Octopus
Embedding
Embedding converts text into a dense vector of floating-point numbers that encodes its semantic meaning. The embedding model used at indexing time must be the same model used at query time — any mismatch produces incompatible vectors and incorrect similarity scores.
IEmbeddingProvider Interface
public interface IEmbeddingProvider
{
// Embed a single text string
Task<float[]> EmbedAsync(string text, CancellationToken ct = default);
// Embed a batch of strings (more efficient — fewer API calls)

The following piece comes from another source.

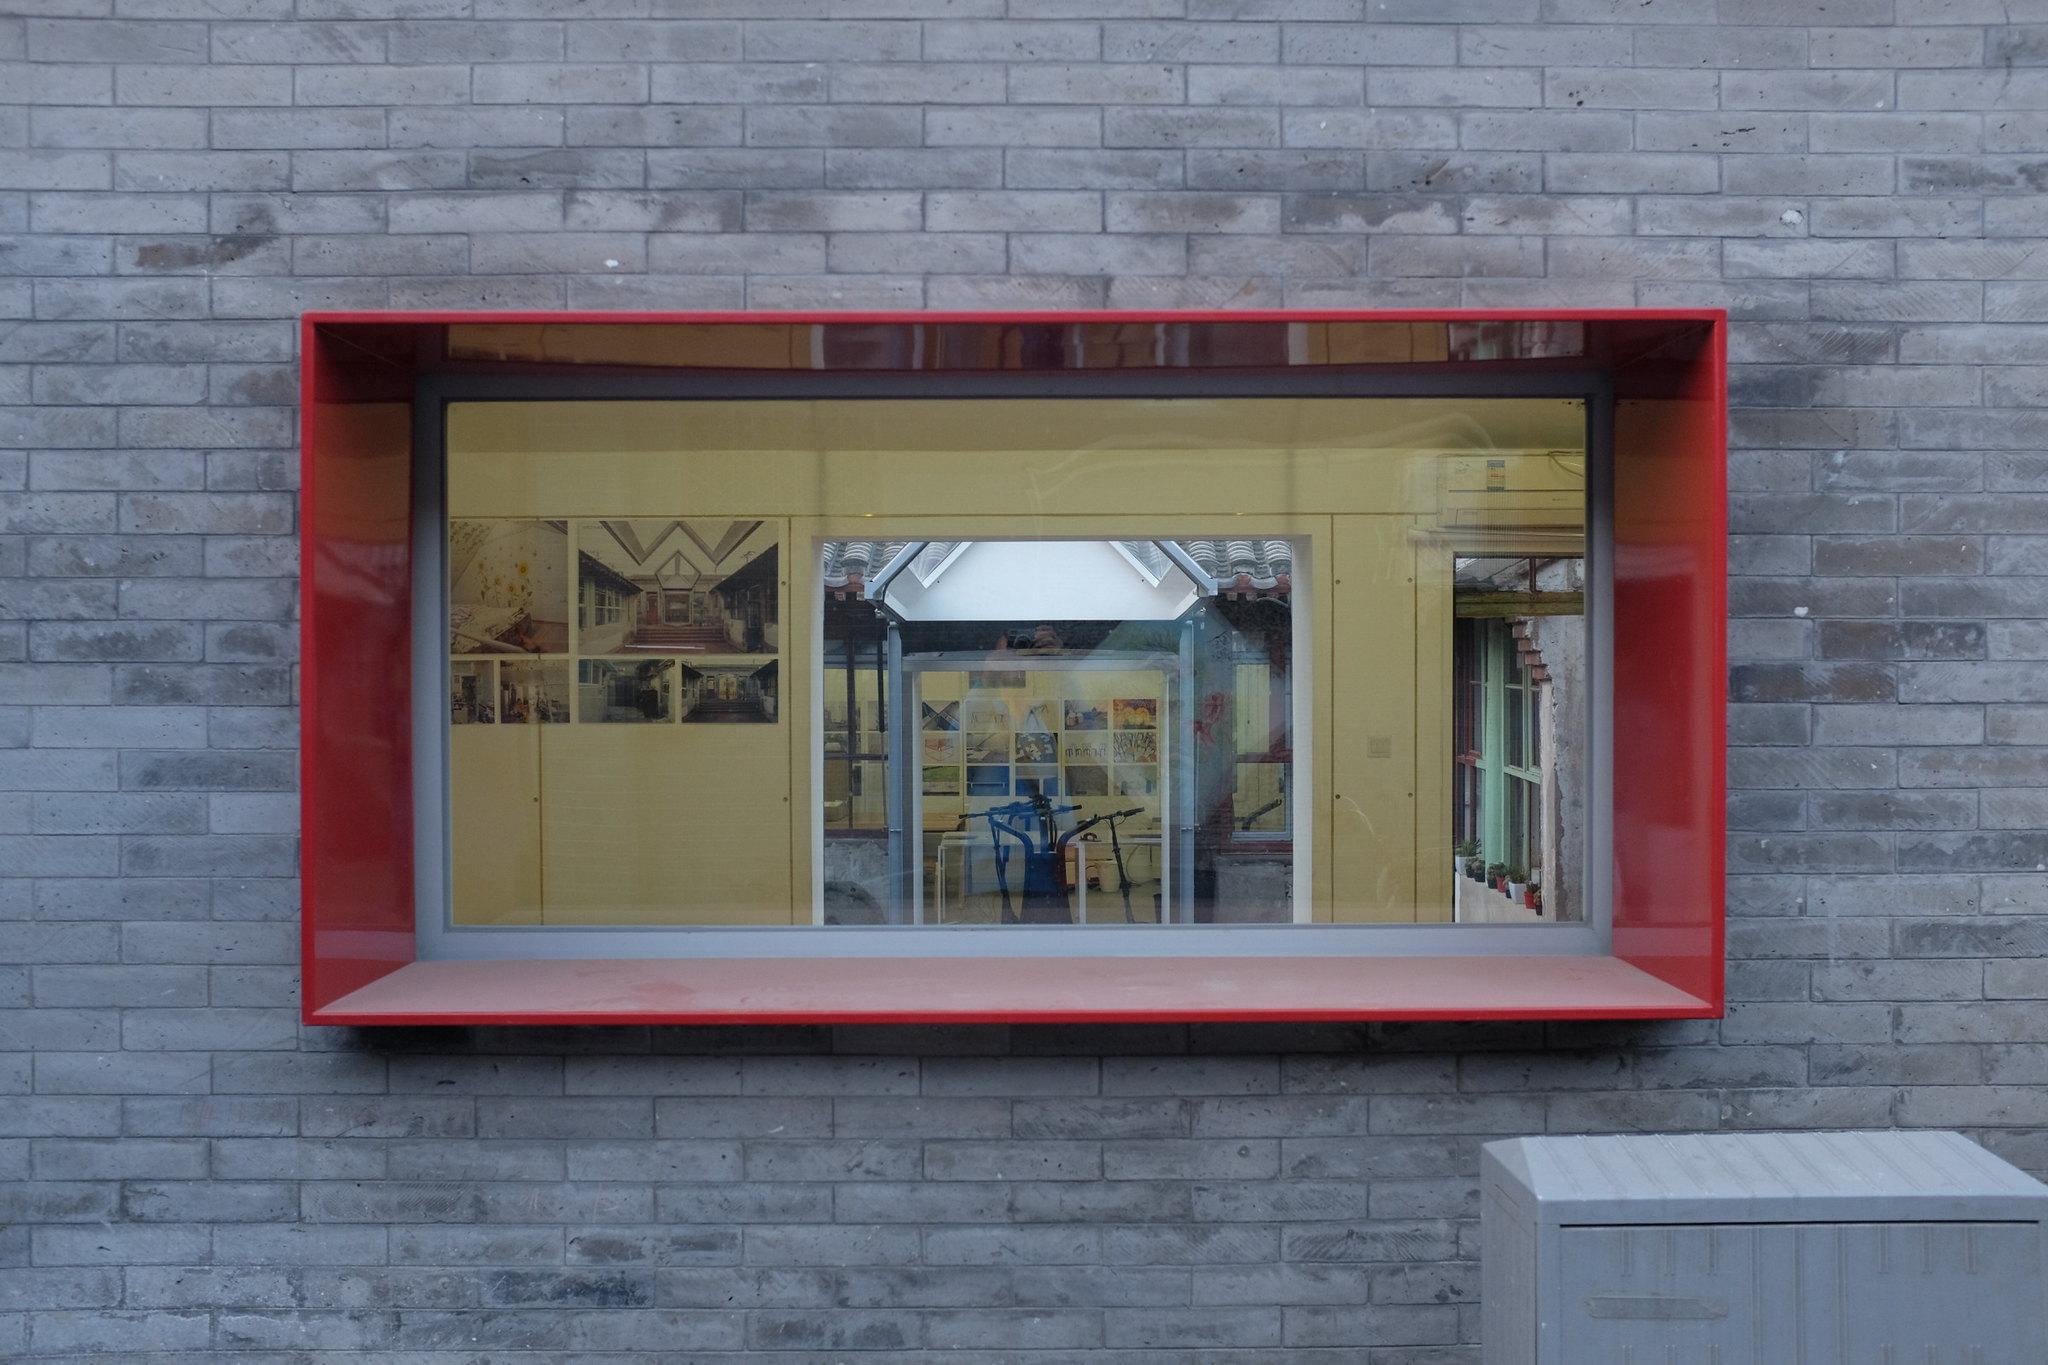 Neue Hutong-Architektur
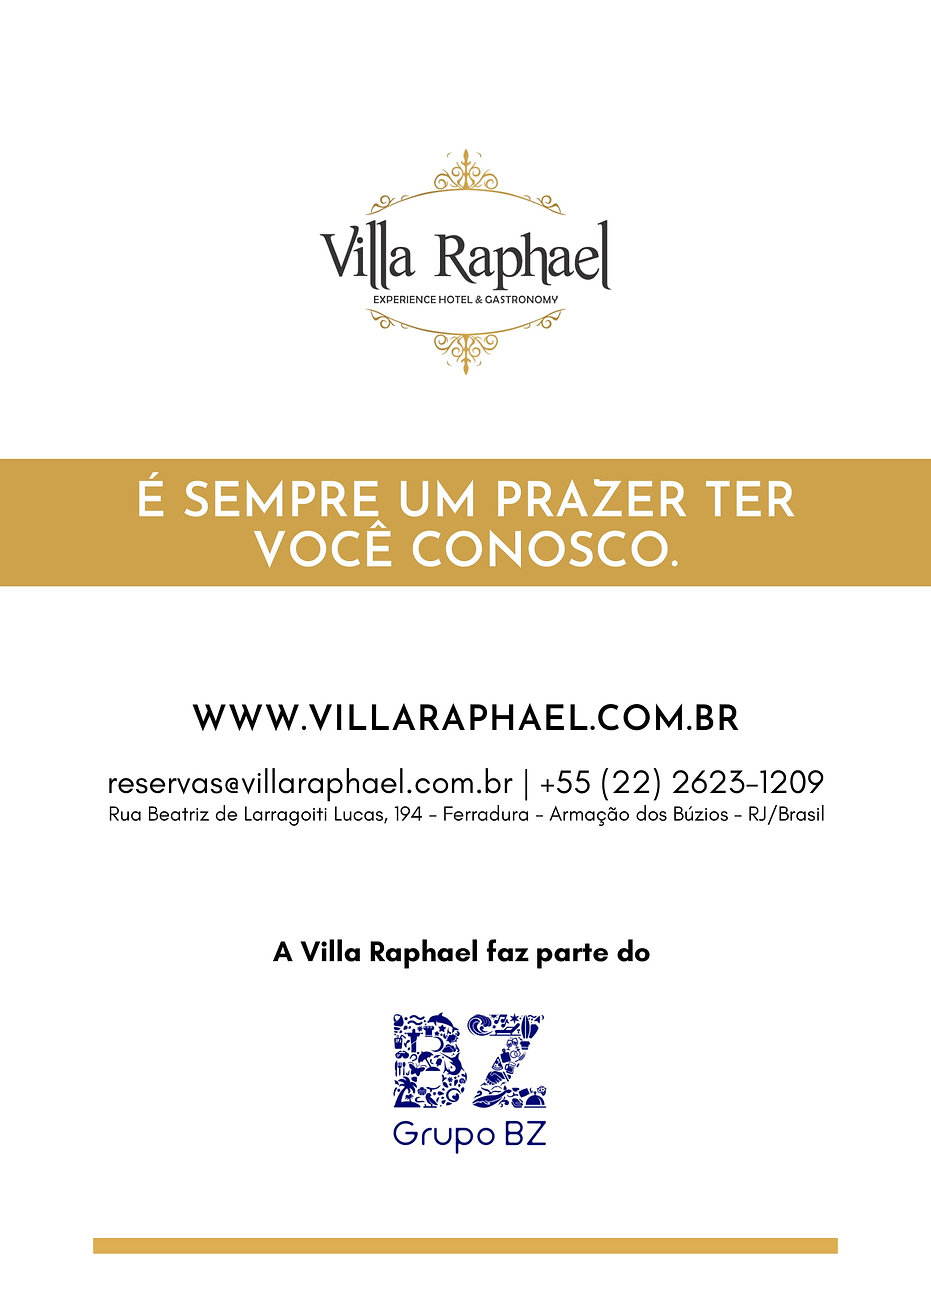 Cartilha CORONAVÍRUS_Villa Raphael-7.jpg

Task<IReadOnlyList<float[]>> EmbedBatchAsync(
IReadOnlyList<string> texts,
CancellationToken ct = default);
// Dimensions of the output vector (e.g. 1536, 3072, 768)
int Dimensions { get; }
}
// Usage in the indexing pipeline:
float[] chunkEmbedding = await _embedder.EmbedAsync(chunk.Content, ct);
// Usage in the retrieval pipeline:
float[] queryEmbedding = await _embedder.EmbedAsync(userMessage, ct);
Supported Embedding Models
| Provider | Model | Dimensions | Max Input Tokens | Notes |
|---|---|---|---|---|
| OpenAI | text-embedding-3-small | 1536 | 8191 | Recommended default — fast, cost-effective |
| OpenAI | text-embedding-3-large | 3072 | 8191 | Higher quality; 2x cost |
| Azure OpenAI | text-embedding-ada-002 | 1536 | 8191 | Azure-hosted; same quality as OpenAI ada |
| Local ONNX | all-MiniLM-L6-v2 | 384 | 512 | On-premise; no API cost; lower quality |
| Local ONNX | bge-large-en-v1.5 | 1024 | 512 | High quality local model; CPU-intensive |
Configuration
// appsettings.json — Embedding configuration
{
"Octopus": {
"Embedding": {
"Provider": "OpenAI", // OpenAI | AzureOpenAI | ONNX
"Model": "text-embedding-3-small",
"Dimensions": 1536,
"CredentialId": 42, // ICredentialResolver lookup for API key
"BatchSize": 100 // Max chunks per batch API call
}
}
}
// Azure OpenAI variant
{
"Octopus": {
"Embedding": {
"Provider": "AzureOpenAI",
"Endpoint": "https://my-instance.openai.azure.com",
"Deployment": "text-embedding-ada-002",
"Dimensions": 1536,
"CredentialId": 43
}
}
}
// Local ONNX variant (no API key required)
{
"Octopus": {
"Embedding": {
"Provider": "ONNX",
"ModelPath": "/models/all-MiniLM-L6-v2.onnx",
"Dimensions": 384
}
}
}
Batch Embedding for Efficiency
// Batch embed all chunks in a document before writing to vector store
public async Task IndexDocumentAsync(DocumentContent doc, Guid agentId, CancellationToken ct)
{
var chunks = _chunker.Chunk(doc.RawText, _chunkingConfig);
// Embed all chunks in batches of 100
var allEmbeddings = await _embedder.EmbedBatchAsync(
chunks.Select(c => c.Content).ToList(), ct);
// Write chunks + embeddings to vector store
var records = chunks.Select((chunk, i) => new MemoryRecord
{
Id = Guid.NewGuid().ToString(),
Content = chunk.Content,
Embedding = allEmbeddings[i],
Metadata = new MemoryMetadata
{
Source = doc.Metadata.Source,
AgentId = agentId.ToString(),
TenantId = doc.Metadata.TenantId.ToString()
}
}).ToList();
await _vectorStore.UpsertBatchAsync($"agent_{agentId:N}", records, ct);
}
Model Lock-In Warning
Once documents are indexed with a specific embedding model, you cannot switch models without re-indexing all documents. The stored vectors are incompatible with a different model's query vectors. Establish and document your embedding model choice before indexing any production data.